Challenges to mandatory bar memberships and dues soon will be teed up in the U.S. Supreme Court in two cases asking the justices to extend the reach of their landmark 2018 First Amendment ruling that invalidated "fair share" union fees to include the legal arena.

Current and former officers of the State Bar Association of North Dakota have retained Goldstein & Russell partner Sarah Harrington, a former assistant to the solicitor general who has argued 21 Supreme Court cases. Harrington, in a new filing Monday at the high court, defended the state's "integrated bar" and urged the justices to keep a lower court ruling in place in the case Fleck v. Wetch.

"A bar association is not the exclusive representative of its membership in any context. A lawyer is always free to publicly take a position contrary to that of the state bar of which the lawyer is a member," Harrington told the justices. "Thus, compulsory membership places less of a burden on the lawyer's First Amendment rights."

Meanwhile, Foley & Lardner partner Roberta Howell is representing the Wisconsin bar in the bar-fees case Jarchow v. State Bar of Wisconsin. Her brief, which will ask the court to uphold the state's fee structure, is due next month.

Central to both disputes is the Supreme Court's 2018 decision in Janus v. AFSCME, a labor and employment case that overturned a decades-old ruling that said public-sector unions could require the payment of certain fees from nonmembers. The divided ruling was expected to fuel challenges to mandatory bar fees for attorneys.

The North Dakota case Fleck is on its second trip at the Supreme Court.

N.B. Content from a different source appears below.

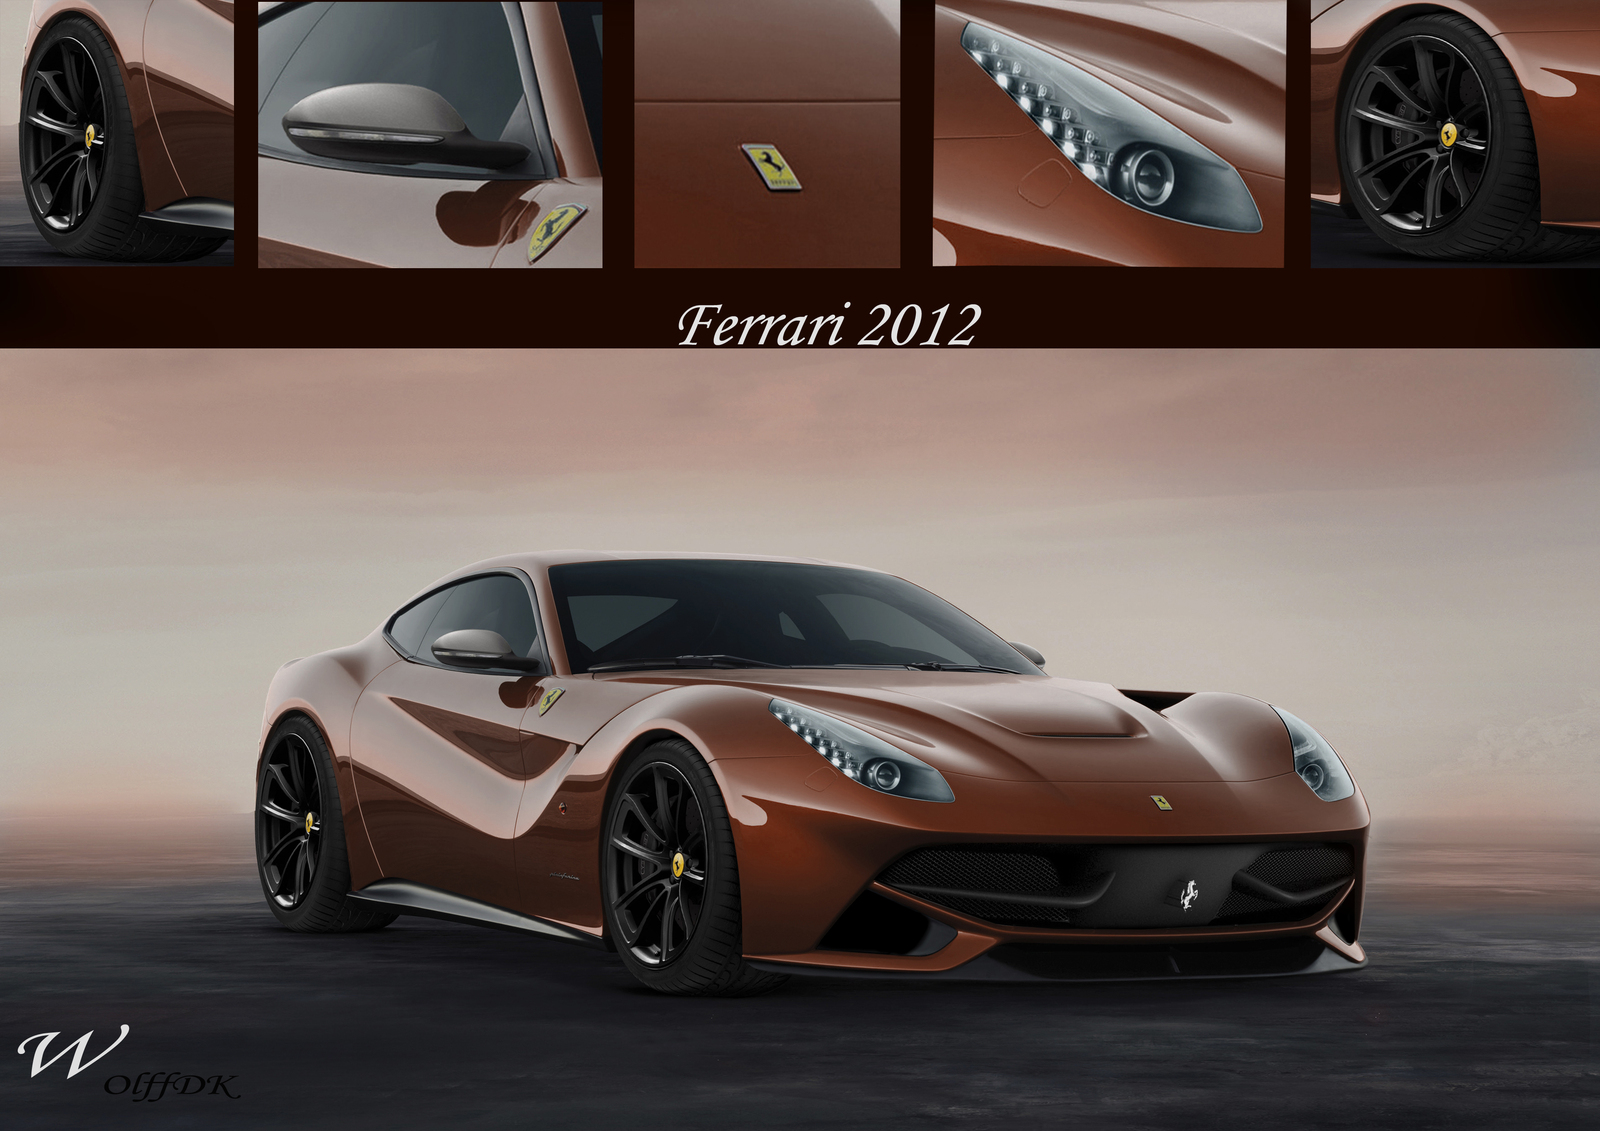 Ferrari_F12_2012_by_wolffDK_by_wolffDK.jpg

North Dakota attorney Arnold Fletch is challenging compulsory membership as a violation of his First Amendment right of association and the dues structure as violating his right to "affirmatively consent" before contributing funds for non-chargeable activities.

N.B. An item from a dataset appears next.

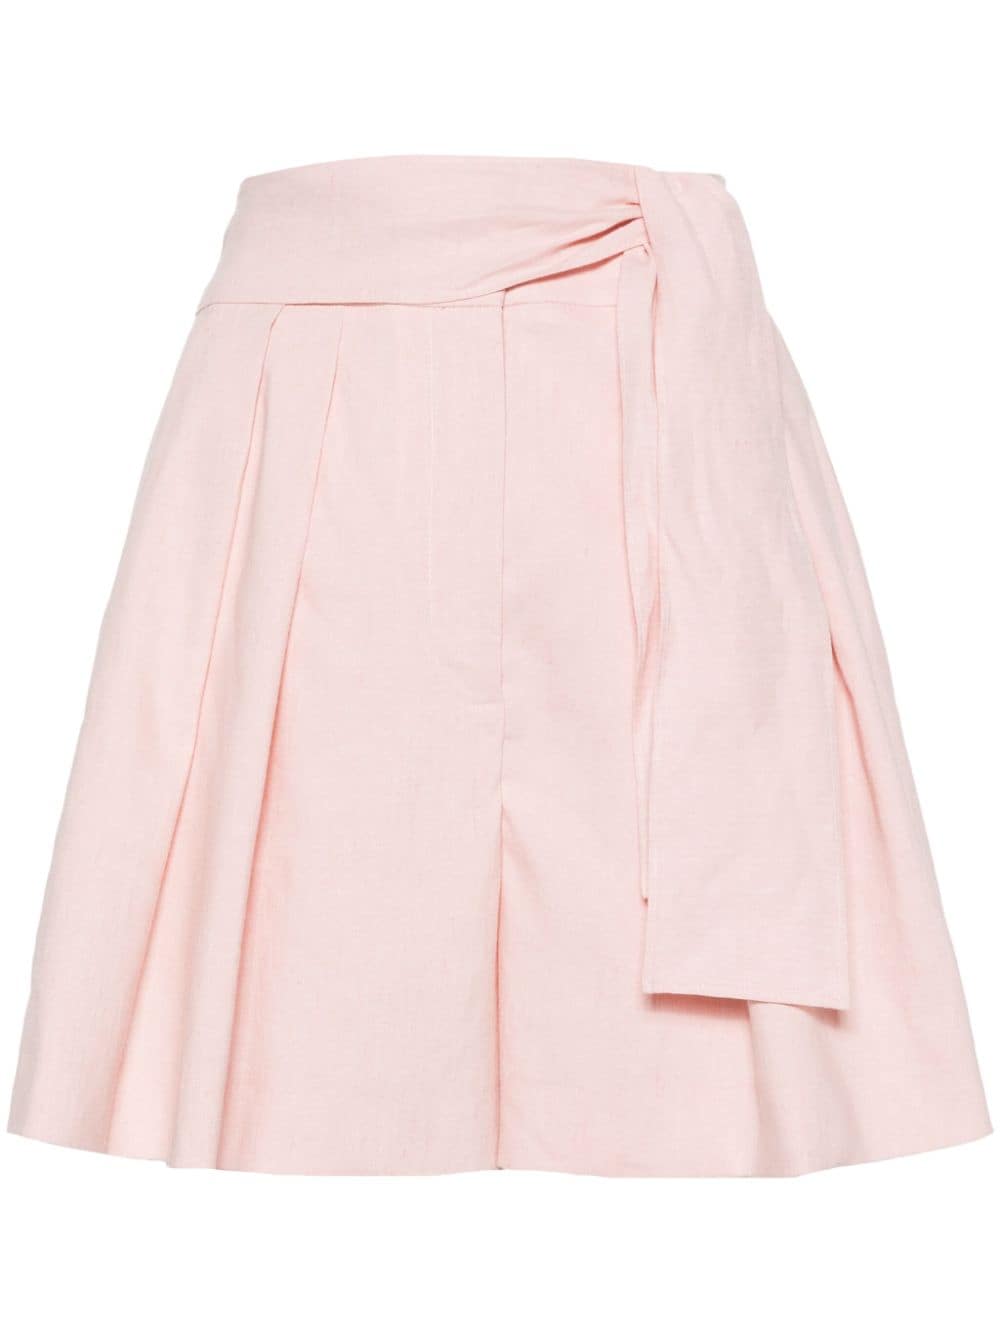 Claudie Pierlot pleat high-waisted shorts - Pink von Claudie Pierlot

The U.S. Court of Appeals for the Eighth Circuit first rejected his challenge in 2017. But the Supreme Court, following its union decision in 2018, sent the case back to the appellate court ruling for consideration in light if its decision in Janus. A panel of the Eighth Circuit in August unanimously reaffirmed its earlier decision. Fletch is represented in the high court by Timothy Sandefur of the Goldwater Institute in Phoenix.

Baker & Hostetler's offices in Washington Baker & Hostetler's offices in Washington, D.C. Photo: Diego M. Radzinschi/ALM

In the Wisconsin case, lawyers Adam Jarchow and Michael Dean are represented in the Supreme Court by Baker & Hostetler partner David Rivkin. A Seventh Circuit panel in December, affirming a trial court decision, disposed of their appeal in an order stating: "The district court, in its thorough and well-reasoned order, correctly held that the appellants' claims are foreclosed by Keller v. State Bar of California (1990)."

That same month, the two Wisconsin lawyers asked the Supreme Court to overrule its two precedents upholding integrated bars: Lathrop v. Donohue (1961) and Keller. Those two cases, they contend, are irreconcilable with the Janus union ruling. Integrated bars require lawyers who are licensed to practice law to maintain bar membership and pay annual dues.

"The deferential standard applied by Lathrop and Keller is unsupportable, but its persistence deprives the hundreds of thousands of attorneys who are compelled by state law to join and subsidize the speech of integrated bars of their First Amendment rights," Rivkin told the justices.

In the North Dakota case, Harrington's effort to keep the lower court ruling in place has support from the North Dakota Attorney General's Office.

North Dakota lawyers have an option to pay for only his or her annual license fee to practice law, James Nicolai of the attorney general's office told the high court.

"Each attorney, if he or she chooses, may also voluntarily support the state bar's political speech by writing a check or making payment for the slightly greater amount that includes non-germane expenses; an amount expressly disclosed on the annual statement and accompanying instructions," Nicolai wrote.

Nicolai and Harrington contend that Fleck waived many of his key arguments when he conceded that Keller and Lathrop control. He also ignored a line of decisions culminating in Janus that Keller remains good law, the lawyers argued.

Fleck has drawn amicus support from groups including the National Right to Work Legal Defense Foundation, the Pacific Legal Foundation and the Liberty Justice Center.